→ WHAT YOU SHOULD DO: The required output holds only the lines from the one containing "Cute Anime Girl Winking" through the end of the material below, copied exactly, please, with no pictures.

→ DATA EXCERPT:
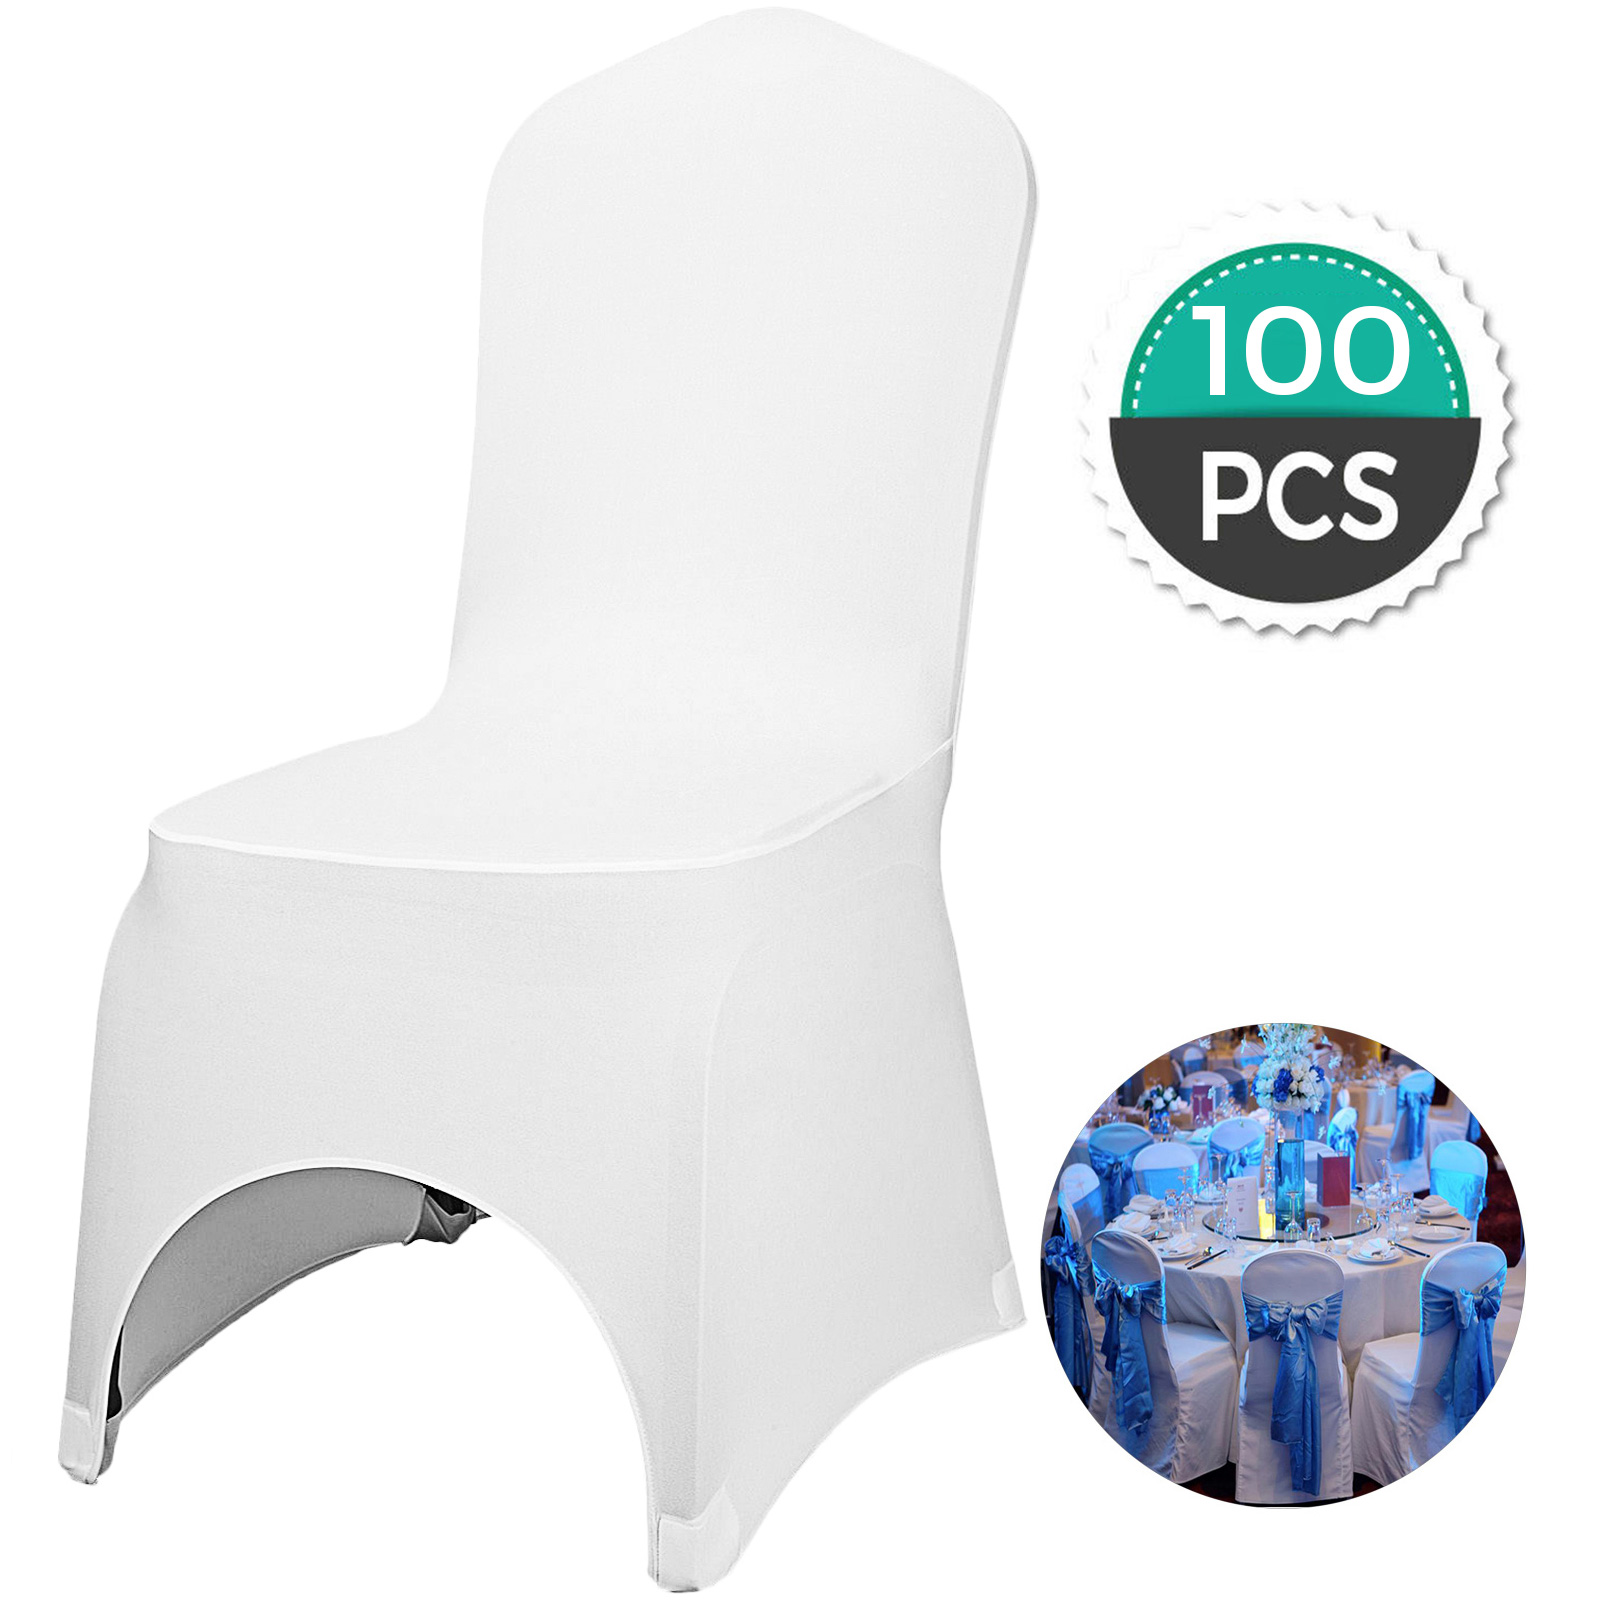 50 Premium Spandex Lycra Banquet Chair Covers Wedding Arch Front
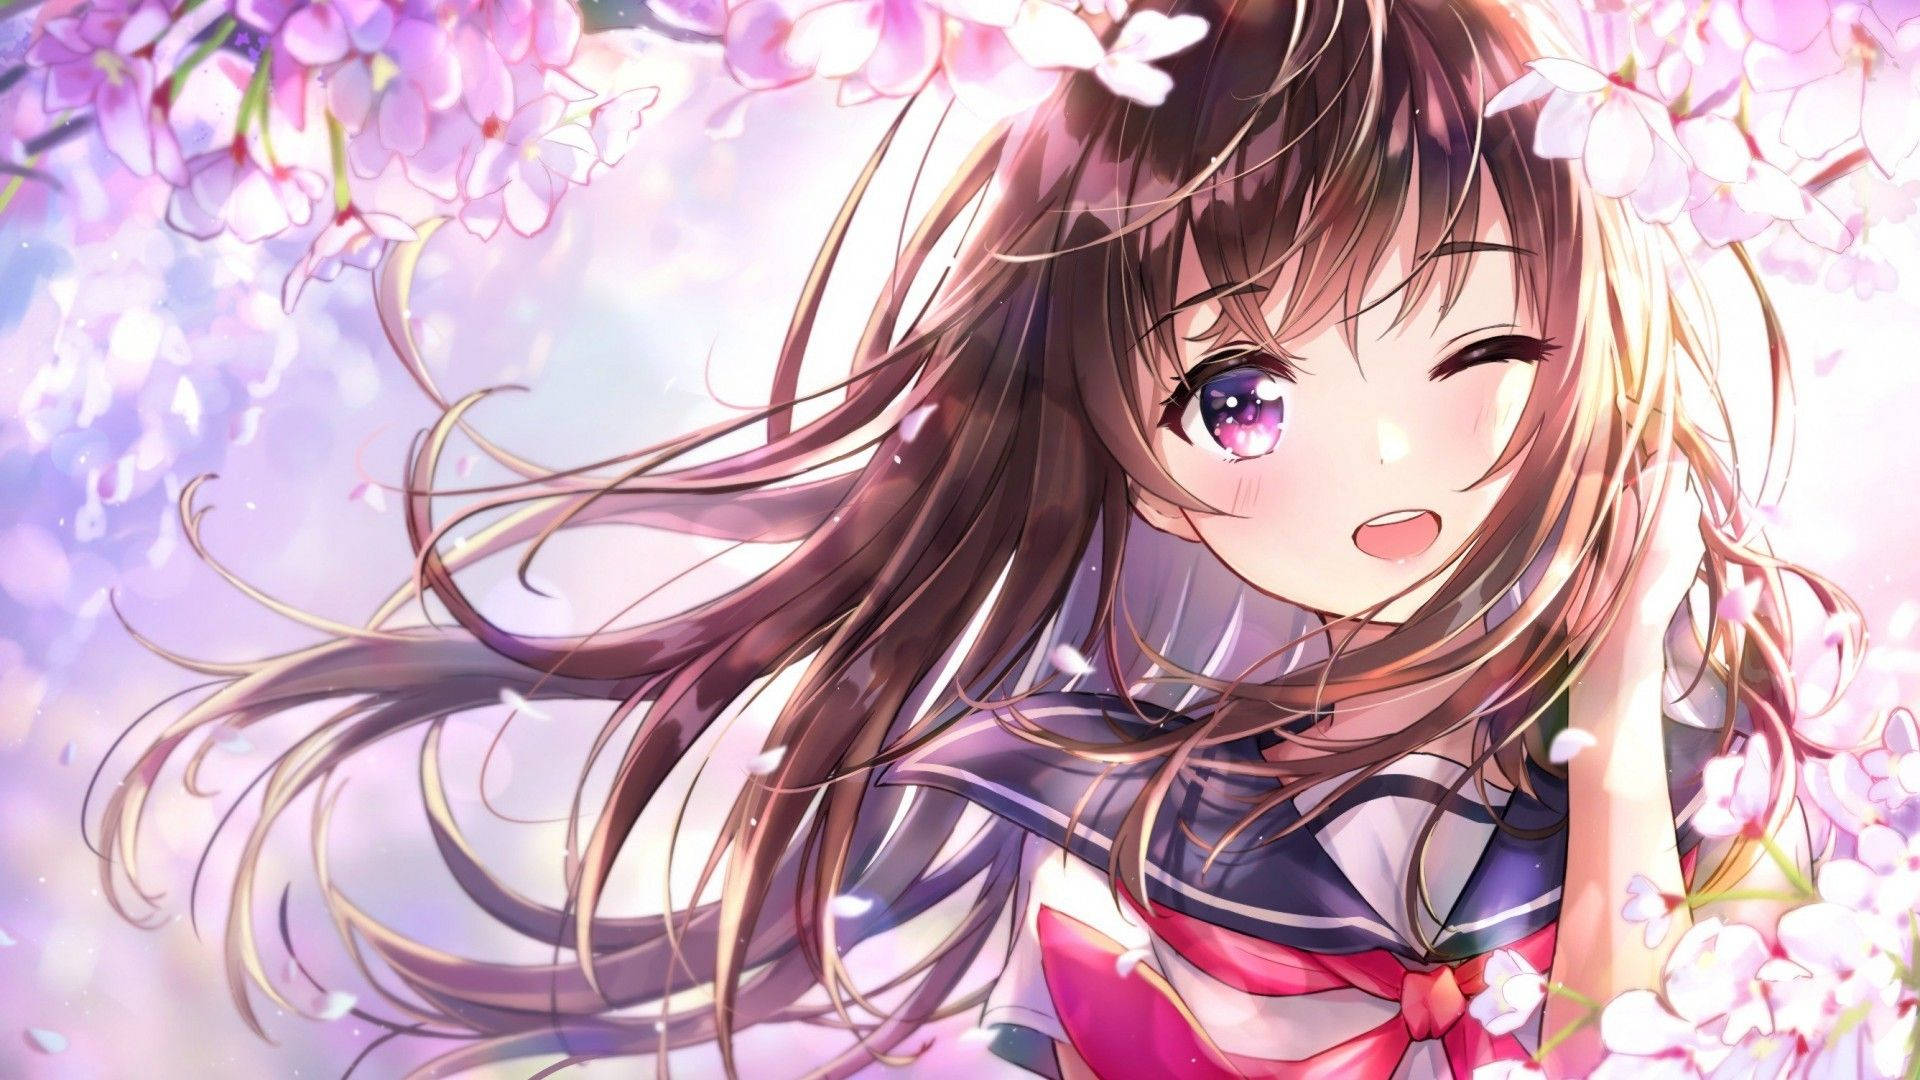 Cute Anime Girl Winking
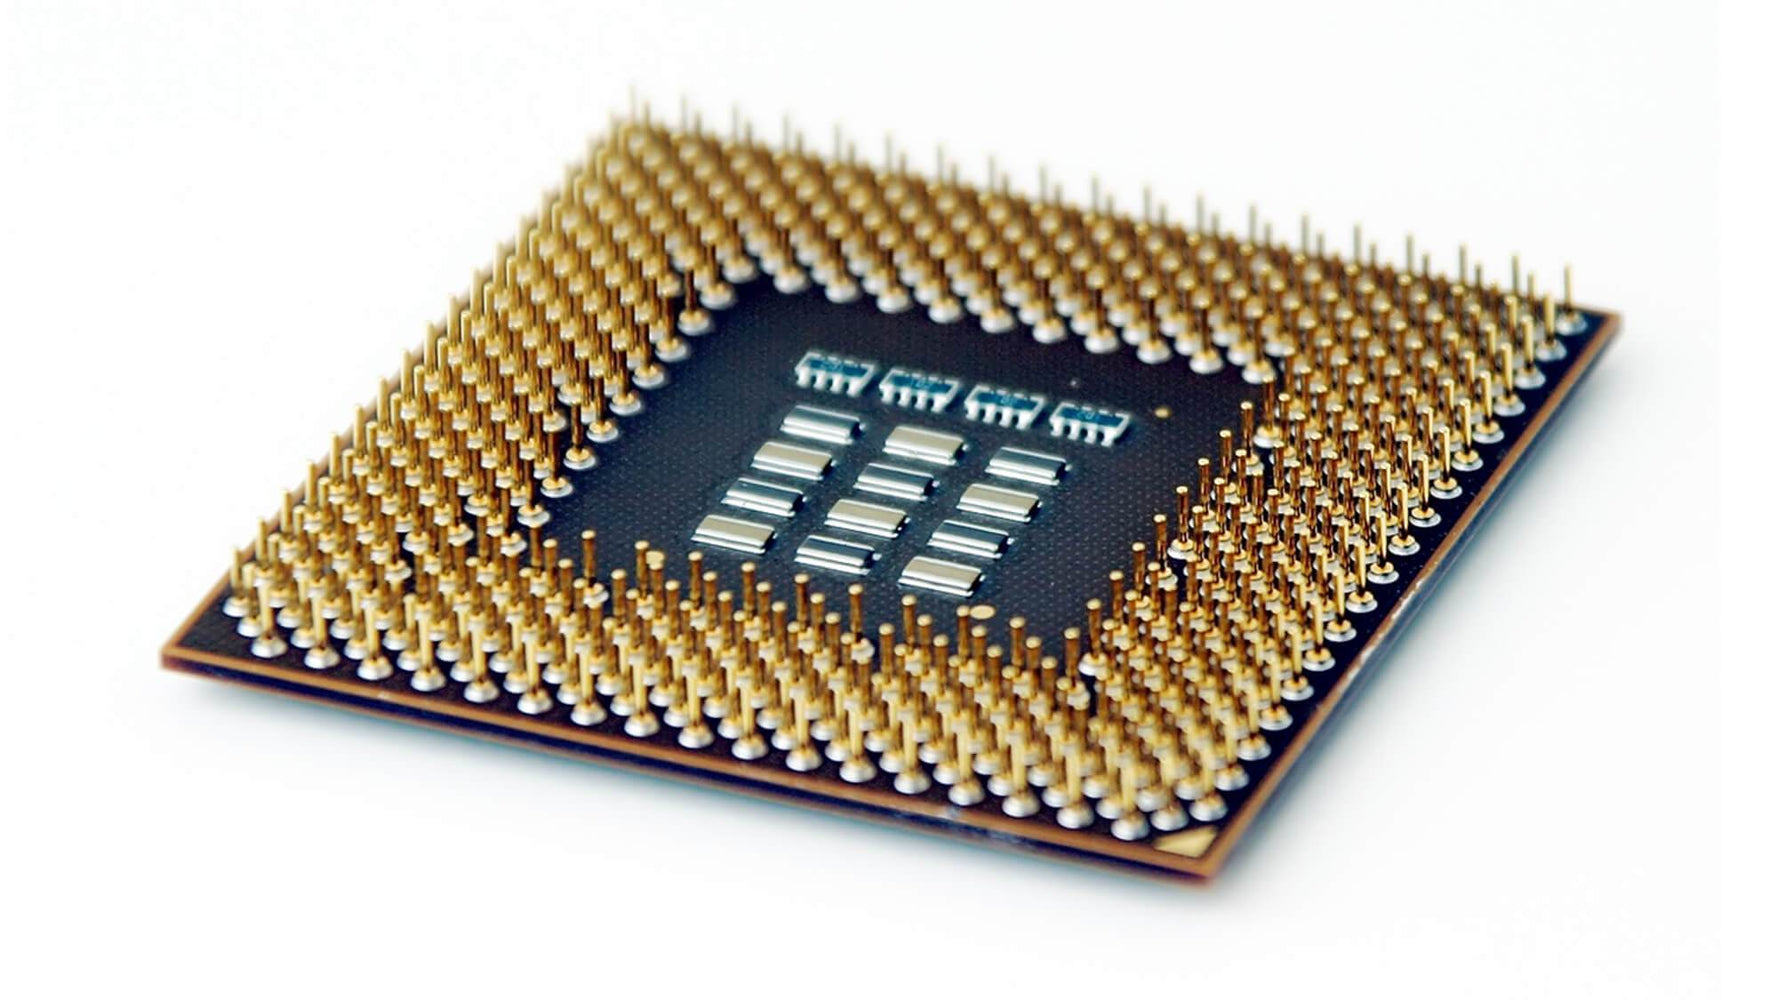 766378-B21 - HP Intel Xeon E5-2650lv3 12-Core 1.8GHz 30MB Smart Cache 9.6GT/s QPI Socket FCLGA2011-3 22nm 65w Processor

→ ANSWER BOX:
 Cute Anime Girl Winking
 766378-B21 - HP Intel Xeon E5-2650lv3 12-Core 1.8GHz 30MB Smart Cache 9.6GT/s QPI Socket FCLGA2011-3 22nm 65w Processor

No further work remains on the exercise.